Do you know that “Theory as theory, but practice kills us!” Well, this article still had to wait for that: 1. articles like this were written and 2. I didn’t know where to start and what to end with.
So, I said to start with this very thought, because this is the end. About “practice”.
Before Arya I had theories about how I would be as a mother. With Arya in the tummy, theories have changed, but we still keep some of the old concepts. With Arya in his arms, all theories have undergone major changes! :))
So, my dear future life-givers, prepare for change. Accept it without being opposed, because otherwise everything for you will be the hardest.
As I said, before Arya said that I will not let the child change me, change my habits and lifestyle, I strongly believe that I will be the mother who will manage to do this and dismantle the myth. I laughed in the nose at those who told me how their children changed their lives and I was even ironic or a little critical in myself. Then, hearing more and more experiences began to sprout in my mind the idea that I am not ready for such a change, that I am not yet ready to give up my weekends of laziness, my time for myself, etc.

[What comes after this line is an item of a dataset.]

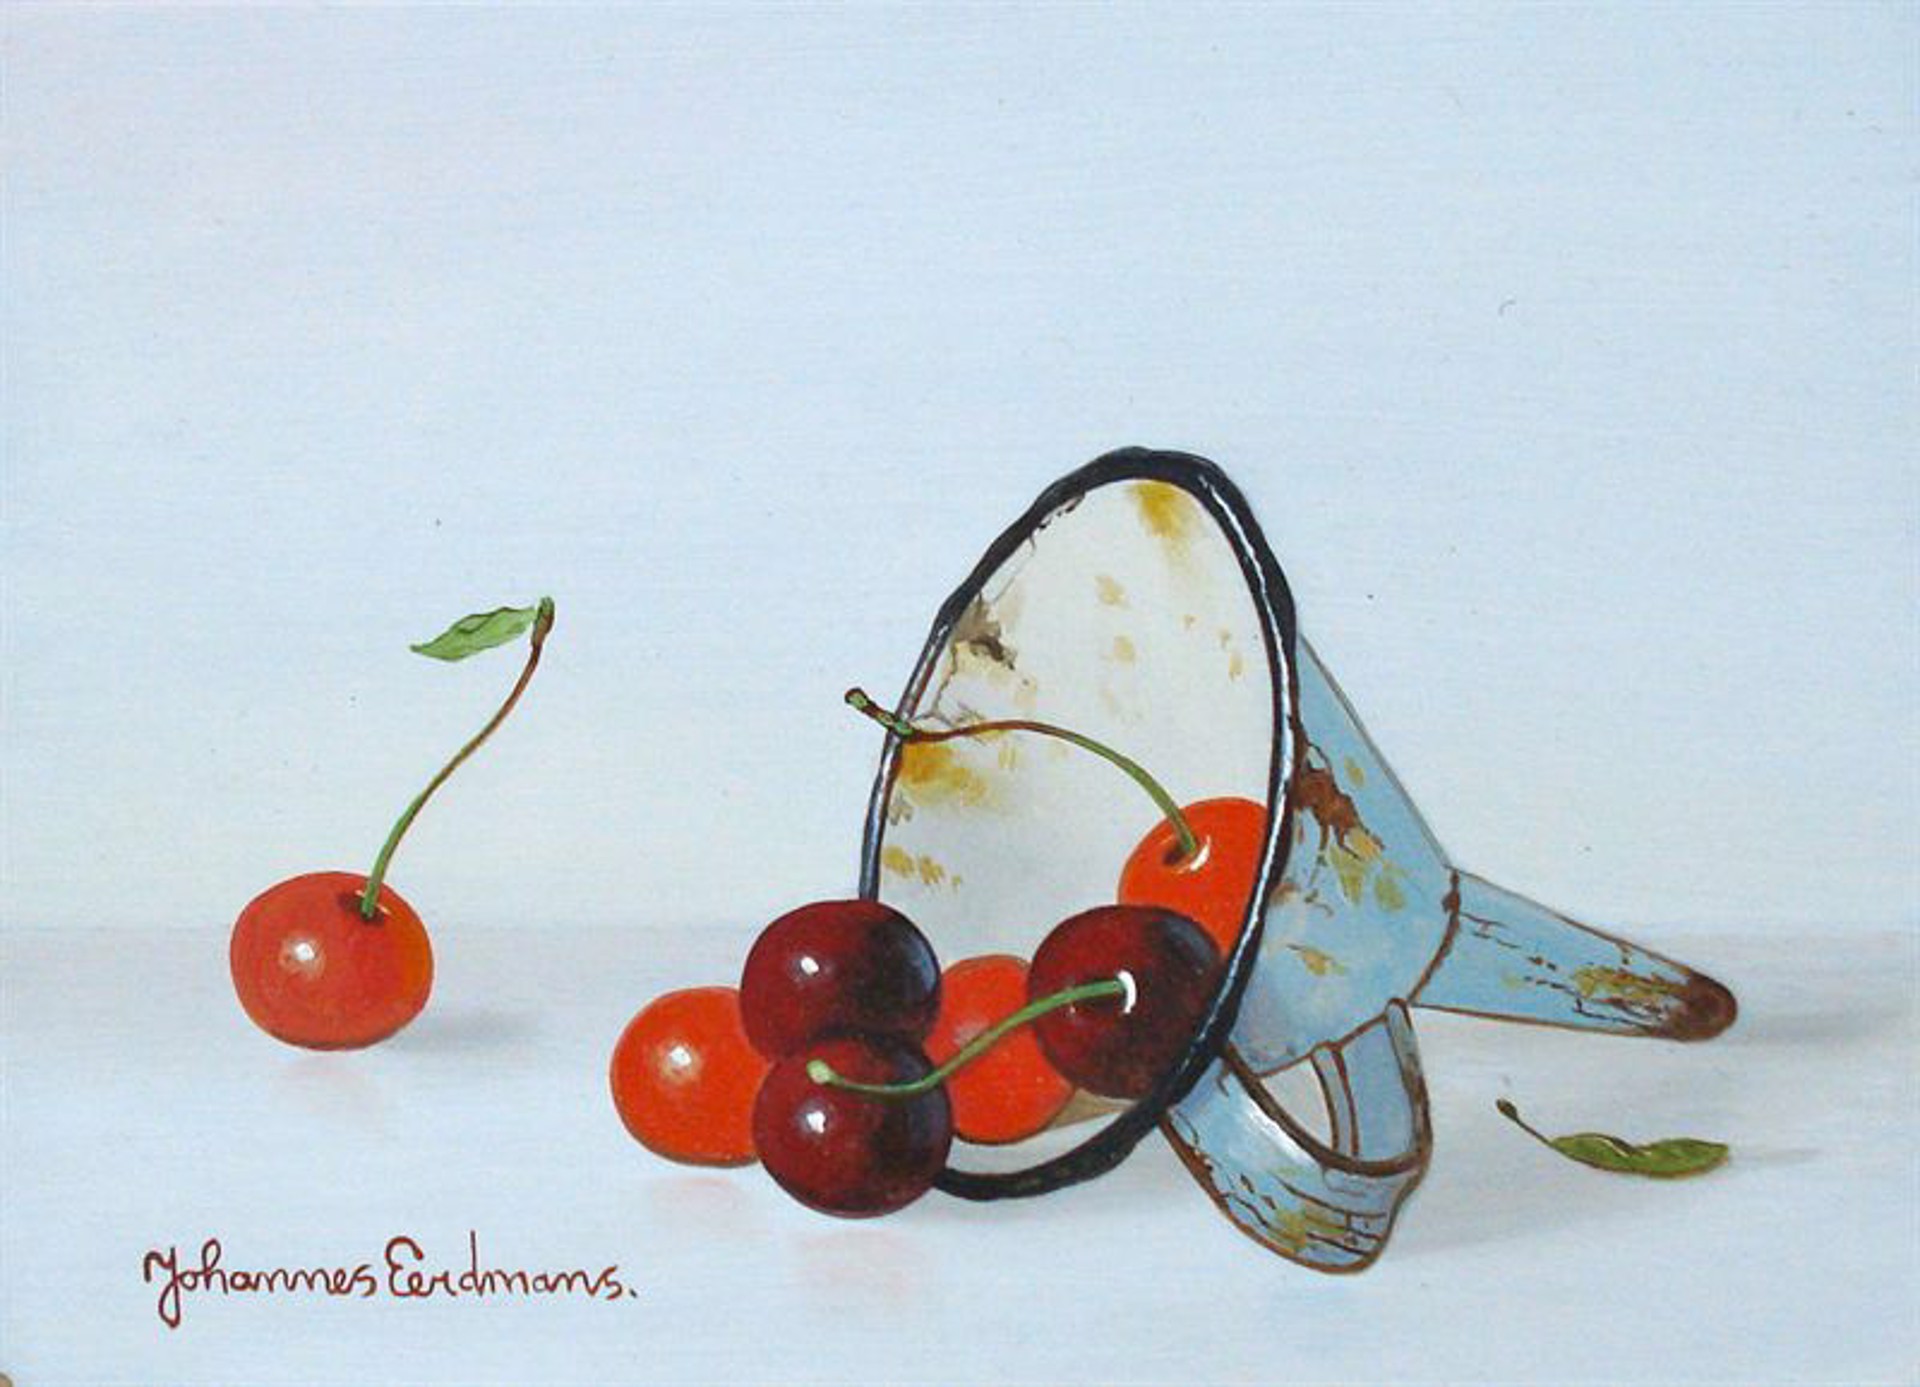 Cherries with Antique Scoop by Johannes Eerdmans

But one day in October, the change began to take over within me without seeking permission from the obsessed control in me and regardless of whether I was ready or not! ๐ Now I sit and think that even during the 8 months I didn’t do too well. I read a lot of articles on all topics related to breastfeeding, I had already formed a few concepts and thought I would know how to manage every moment. But … you know … theory, practice, what I said at the beginning …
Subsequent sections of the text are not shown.